If you have filed a personal injury claim, the other party must be proven at-fault, in order for the defendant to get saddled with the charge of liability. The liable party must compensate the injured plaintiff.
The first suggested response
Ask the insurance adjuster for proof of the adjuster’s stated position. Look for a statement that gives a statute, a rule or a regulation. Expect to be provided with a printed statement. Statement should include mention of the source. Personal injury lawyer in Kitchener advices that you should not accept a paper that fails to provide the source of the quoted statute, rule or regulation.
The suggested follow-up to that first response
Point to features in the police report that support your allegations. If that report lacks any mention of a time when you got a citation from the officer at the scene of the accident, then you do not appear to be at-fault. If you were not at-fault, then it would seem that the other party ought to be held liable.
Does the police report assign fault to either party? If not, then the adjuster has no strong grounds for saying that you should be held liable.

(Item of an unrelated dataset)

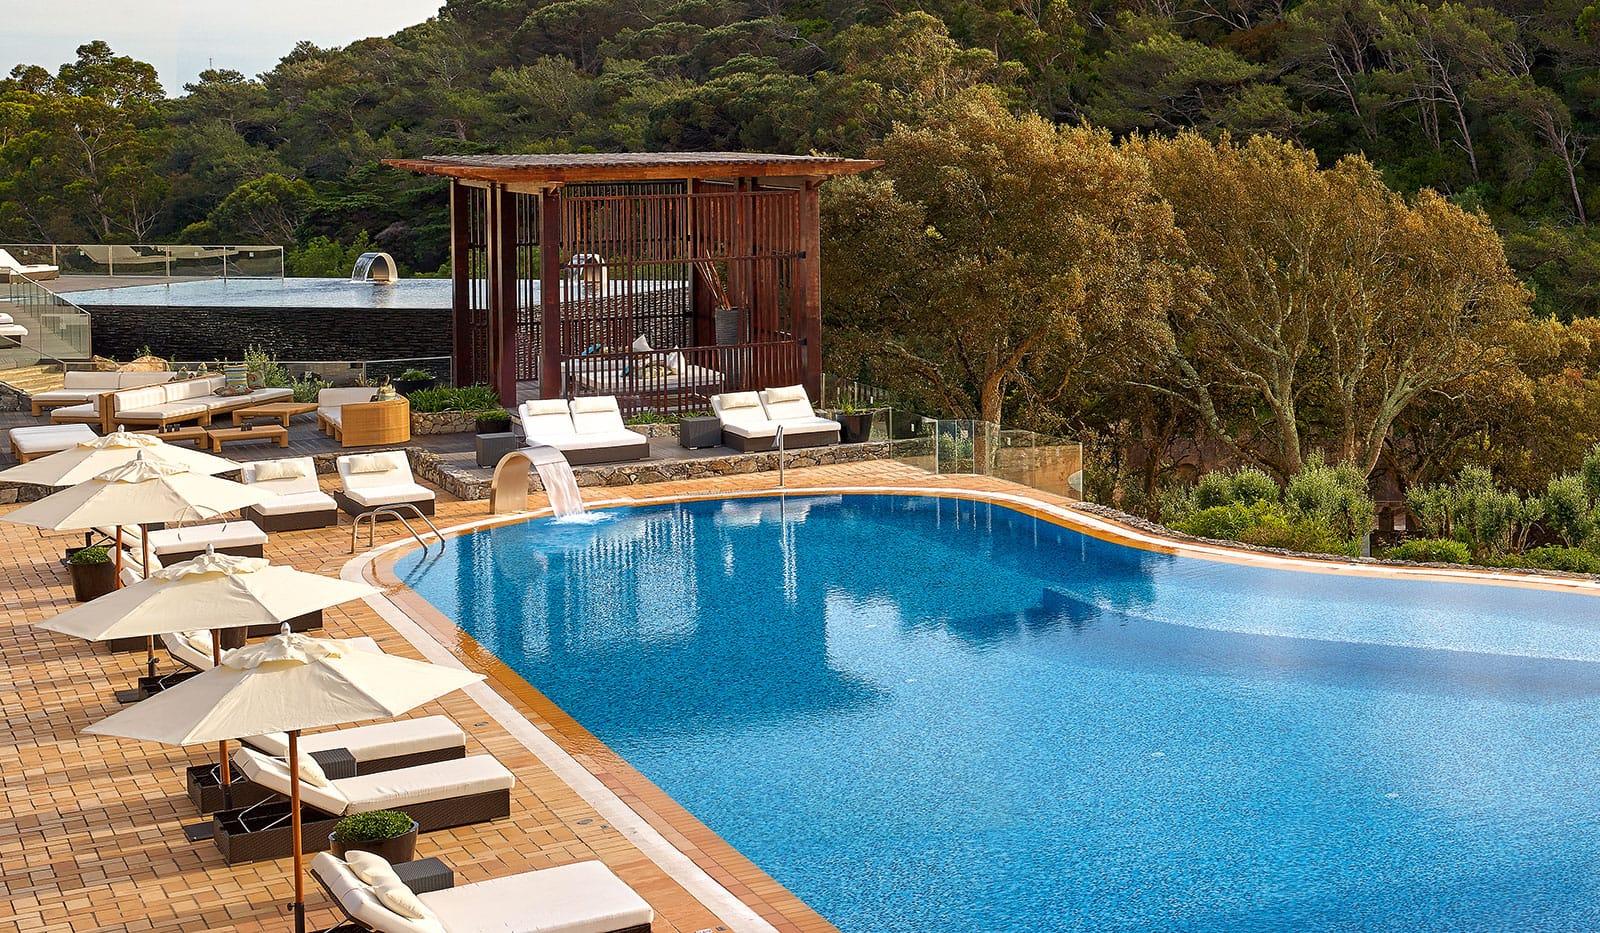 Pools Panoramic View - The Ritz Carlton, PenHa Longa - Portugal

Significance of above responses
Often, adjusters try denying the liability of the insurance company’s policyholder (the defendant) in an effort to persuade the plaintiff to drop the filed personal injury claim. Plaintiffs that carry out the responses that have been outlined above should convince any adjuster of the same plaintiffs’ unwillingness to drop their filed claim.
If a plaintiff has refused to drop a claim, then the adjuster must continue to negotiate with that same plaintiff. In other words, once completed correctly, responses to a denial of liability can work to keep stalled negotiations going. As long as negotiations continue, the chances for a larger bid from the adjuster become more of a possibility.
Still, if the adjuster has sought to disprove the liability of the insurance company’s policyholder (the defendant), that action reduces the chances for attainment of what would feel like a fair settlement. In other words, the likelihood for a sizable bid from the same adjuster has been reduced.
What does that mean? Does that suggest that the plaintiff could be denied any reward? No, but it does suggest that the size of the granted reward could be an amount of money that is far smaller than the amount that was quoted in the demand letter.
Not all adjusters try this particular trick. An adjuster’s awareness of a policy’s limits can influence a decision, regarding whether or not to proceed with the act of denying a policyholder’s liability. For instance, if the limits are high, then there is lots of money at that same adjuster’s disposal.